- Task material:
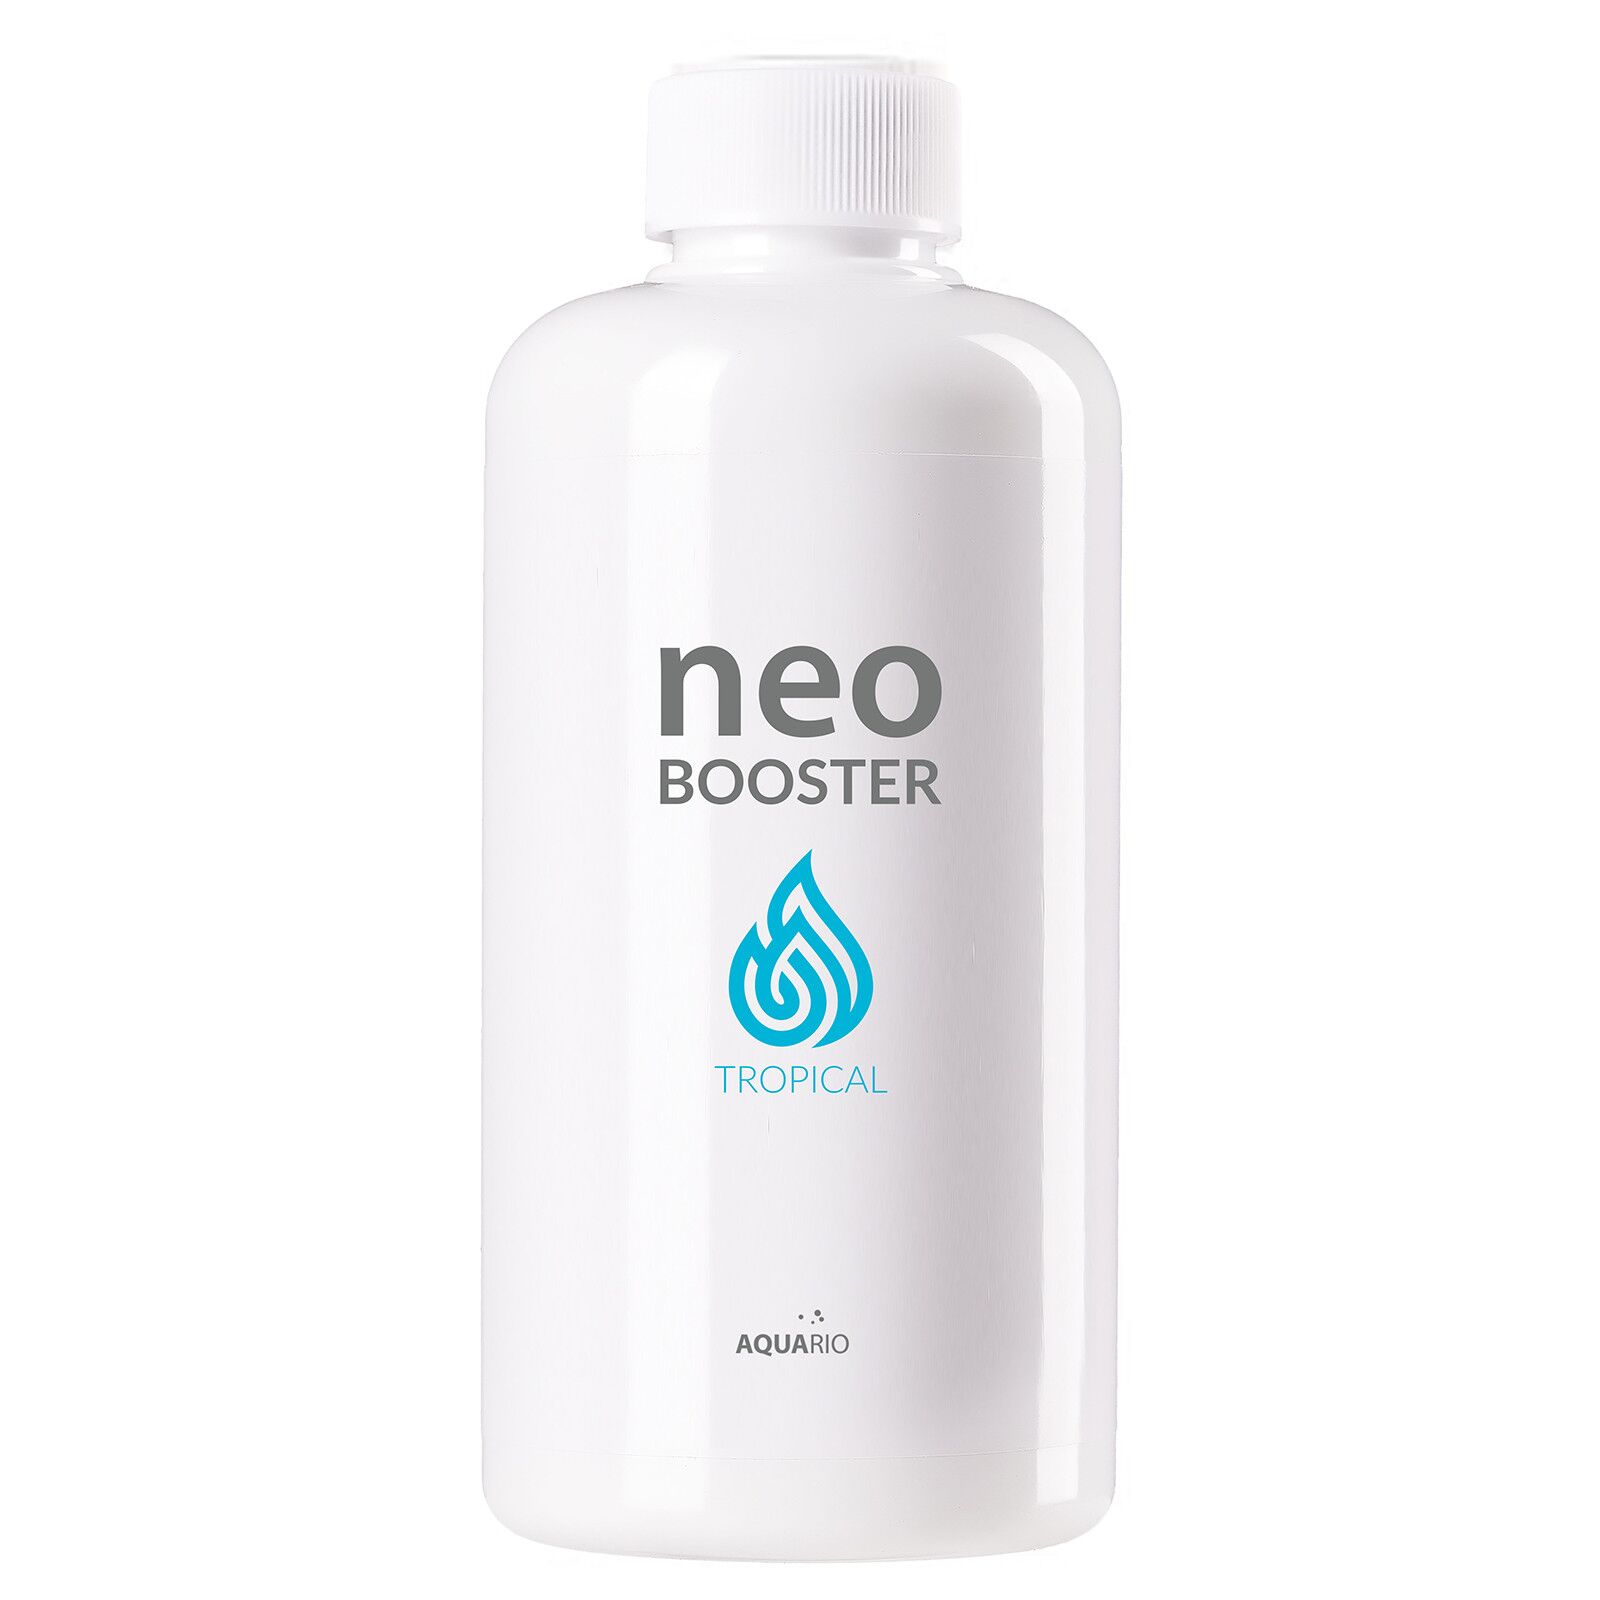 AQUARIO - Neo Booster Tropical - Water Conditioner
* * *
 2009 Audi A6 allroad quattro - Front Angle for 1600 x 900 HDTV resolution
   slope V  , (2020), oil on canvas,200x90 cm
...
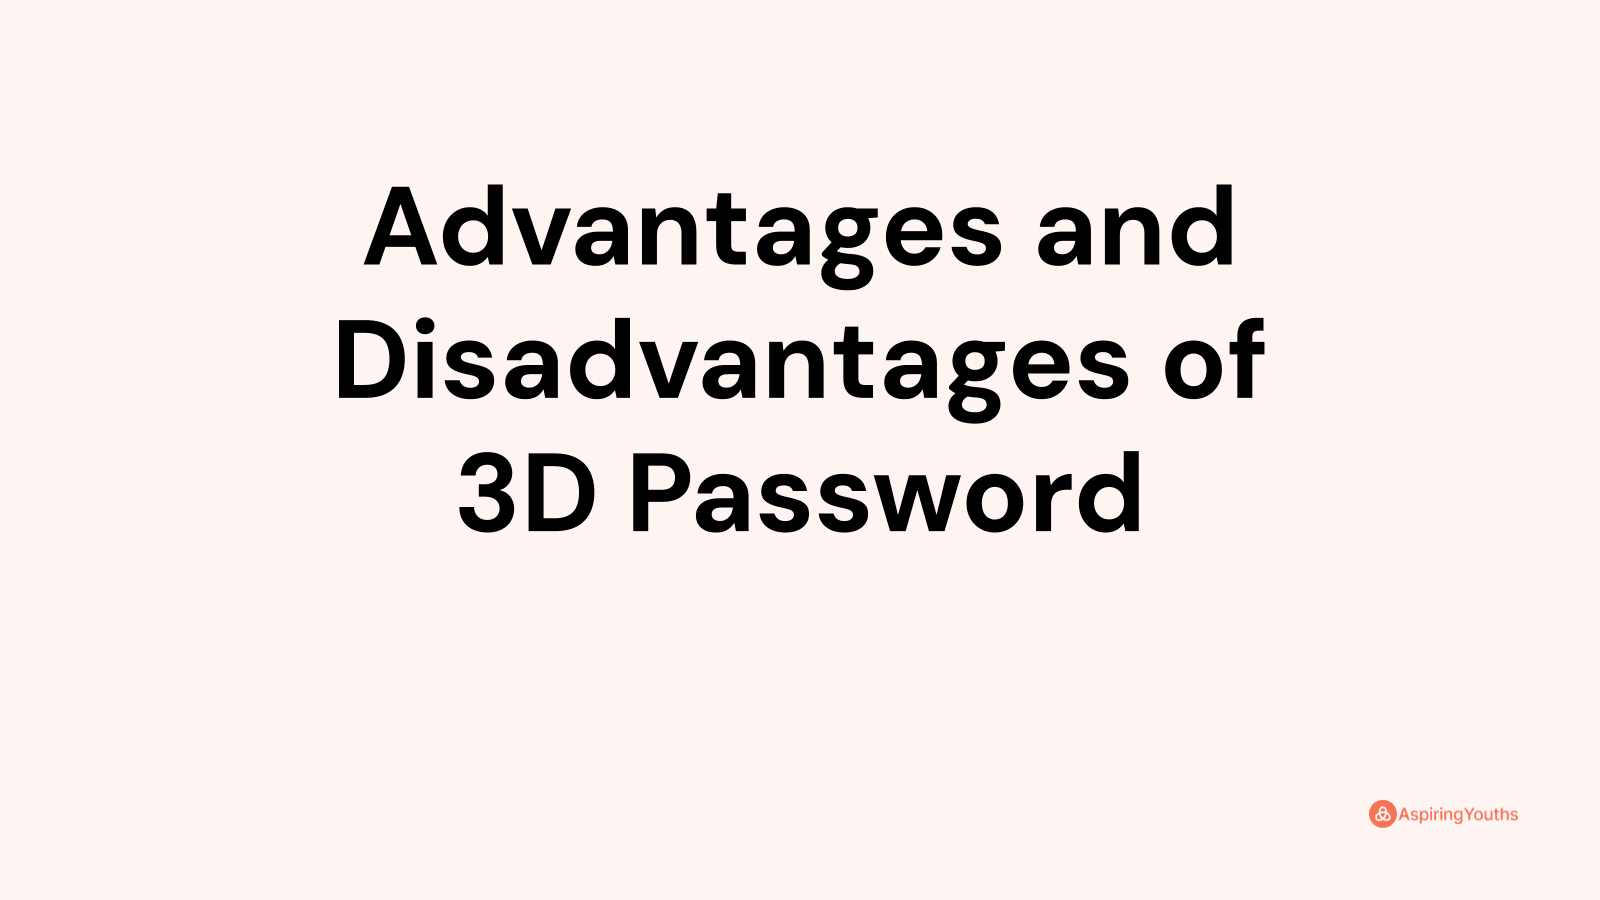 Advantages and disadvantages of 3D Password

- Exercise description: Print again the lines of the entries above that fall between the line holding "2009 Audi A6" and the line holding "on canvas,200x90 cm", inclusive, exactly as they stand.

- Result of the exercise:
 2009 Audi A6 allroad quattro - Front Angle for 1600 x 900 HDTV resolution
   slope V  , (2020), oil on canvas,200x90 cm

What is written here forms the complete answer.